8.3 The Approved Agent may terminate this contract providing Yapalot sixty (30)
days written notice. This clause may be used providing Yapalot has not met
it's obligations as provided in this agreement.
9.0 INDEMNITY, INSURANCE
9.1 Indemnification of Yapalot - The Approved Agent agrees to indemnify and
hold Yapalot harmless against and all liabilities, claims, damages, costs
or expenses (including legal fees and expenses) incurred by Yapalot by
reason of or arising out of or relating to any acts, duties and obligation
or omissions of the Approved Agent hereunder or of any personnel employed
by, or agent of, the Approved Agent and the Approved Agent shall, at the
request of Yapalot, assume the defense of any demands, claims, actions,
suits or proceedings brought against Yapalot by reason thereof and pay any
and all damages assessed against or that are payable by Yapalot as a result
of the disposition of any such demands, claims, actions, suits or
proceedings.
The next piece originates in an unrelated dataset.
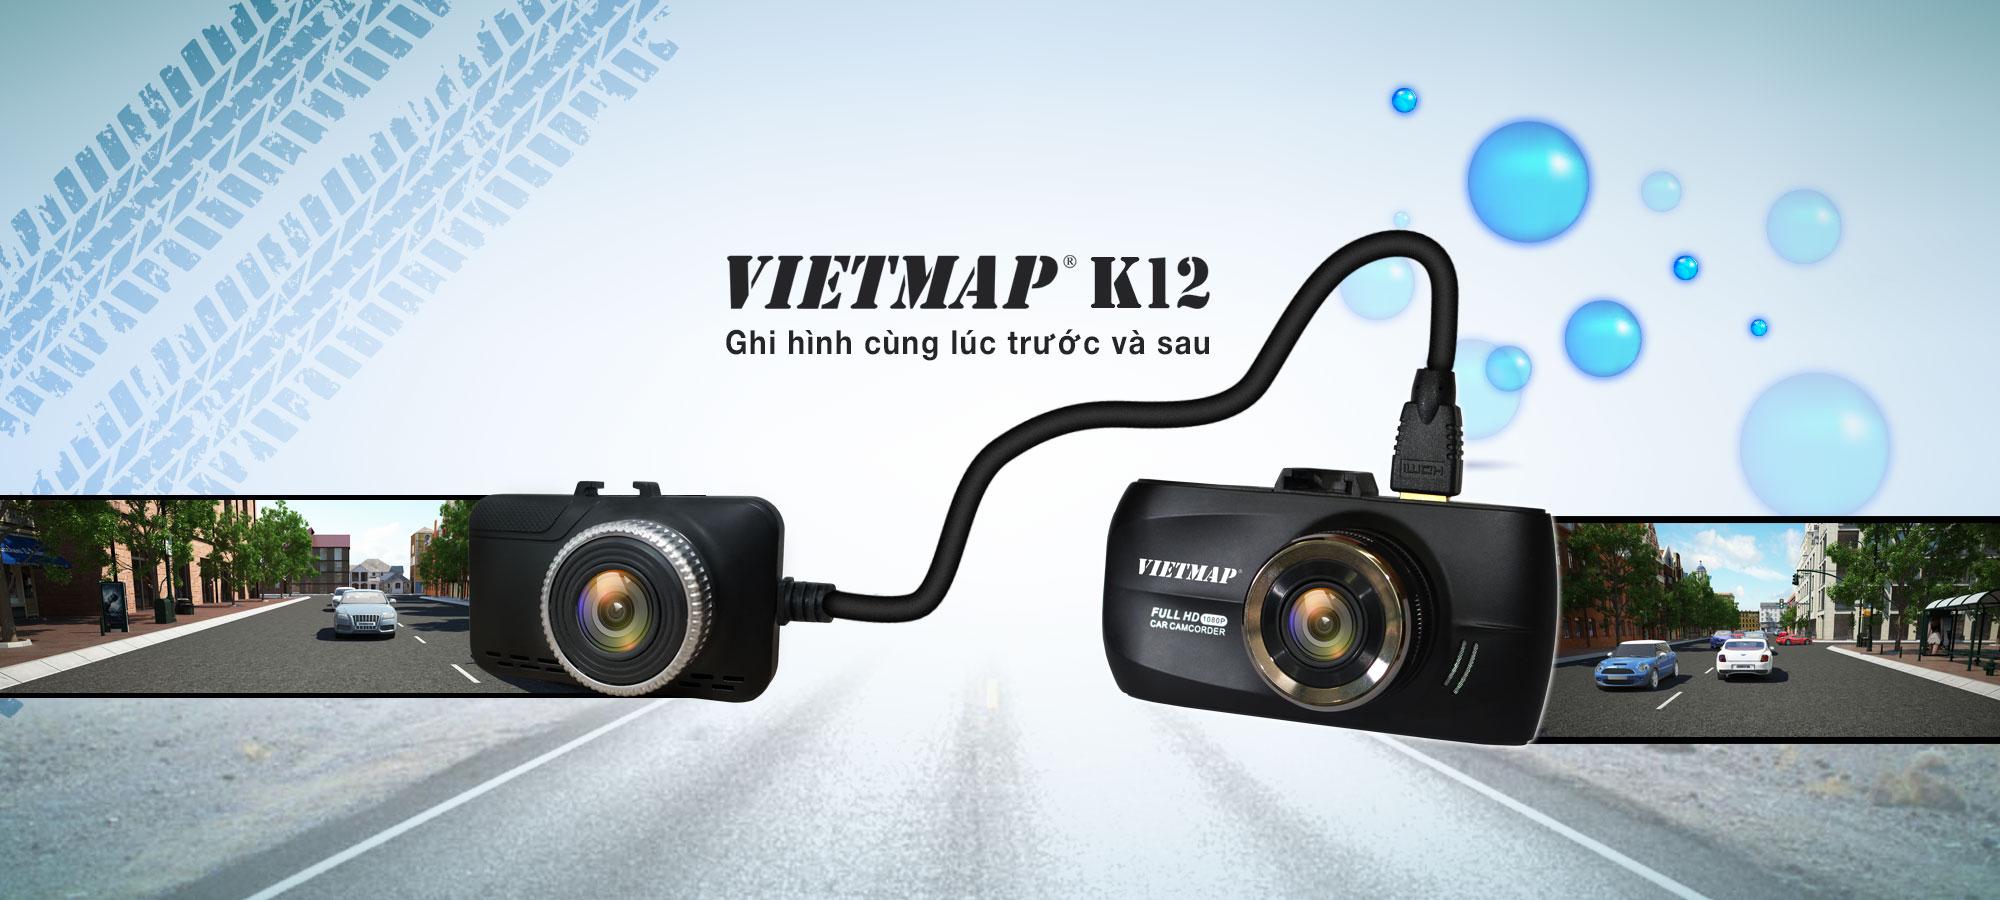 Thành Nam nhận lắp camera hành trình ô tô tại Hà Nội miễn phí 100% công lắp đặt
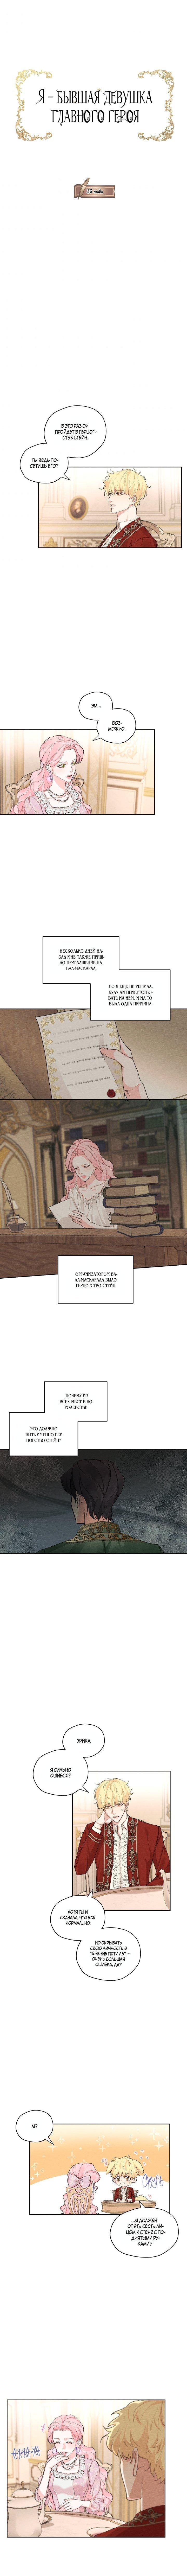 Манга Я бывшая девушка главного героя - Глава 16 Страница 1

Notwithstanding the foregoing, Yapalot may be represented in
any such demands, claims, actions, suits or proceedings by its own counsel
at the expense of the Approved Agent.
9.2 Maintenance of Insurance- The Approved Agent shall maintain in full force
and effect a comprehensive general liability insurance policy or policies
with personal injury liability blanket, contractual liability and complete
operations liable insurance endorsements protecting the Approved Agent
Yapalot hardware and equipment at the preferred gateway locations and
Yapalot and their officers and employees against loss, liability or expense
as a result of personal injury, death or property damage or otherwise
arising out of our occurring in connection with the business of the
Approved Agent, or burglary. Yapalot shall be an additional insured under
such policy or policies which shall be written by a responsible insurance
company or companies licensed to do business in the province/city/country
in which the Approved Agent conducts its business, and meeting with the
reasonable approval of Yapalot, with a combined single limit of not less
than $3 million for bodily injury, death and for property damage. Such
policy or policies shall provide that they shall not be canceled or altered
without at least sixty (60) days prior written notice to Yapalot. Within
ten (10) days after execution of this Agreement, the Approved Agent shall
furnish Yapalot with a certificate or certificates of such insurance,
together with evidence that the premiums therefore have been paid.
10.0 RECORDS AND REPORTS
10.1 Maintenance of Records - The Approved Agent shall maintain at each
location, office or place of business accurate records of all sales
transactions pertaining to this Agreement, including sales Subscriptions,
and shall retain the same for a period of two (2) years after the date of
termination of this Agreement. If Yapalot requires any information in
connection with such accounts and records, the aforesaid accounts and
records shall be made available for the Approved Agent during its normal
business hours for examination by Yapalot.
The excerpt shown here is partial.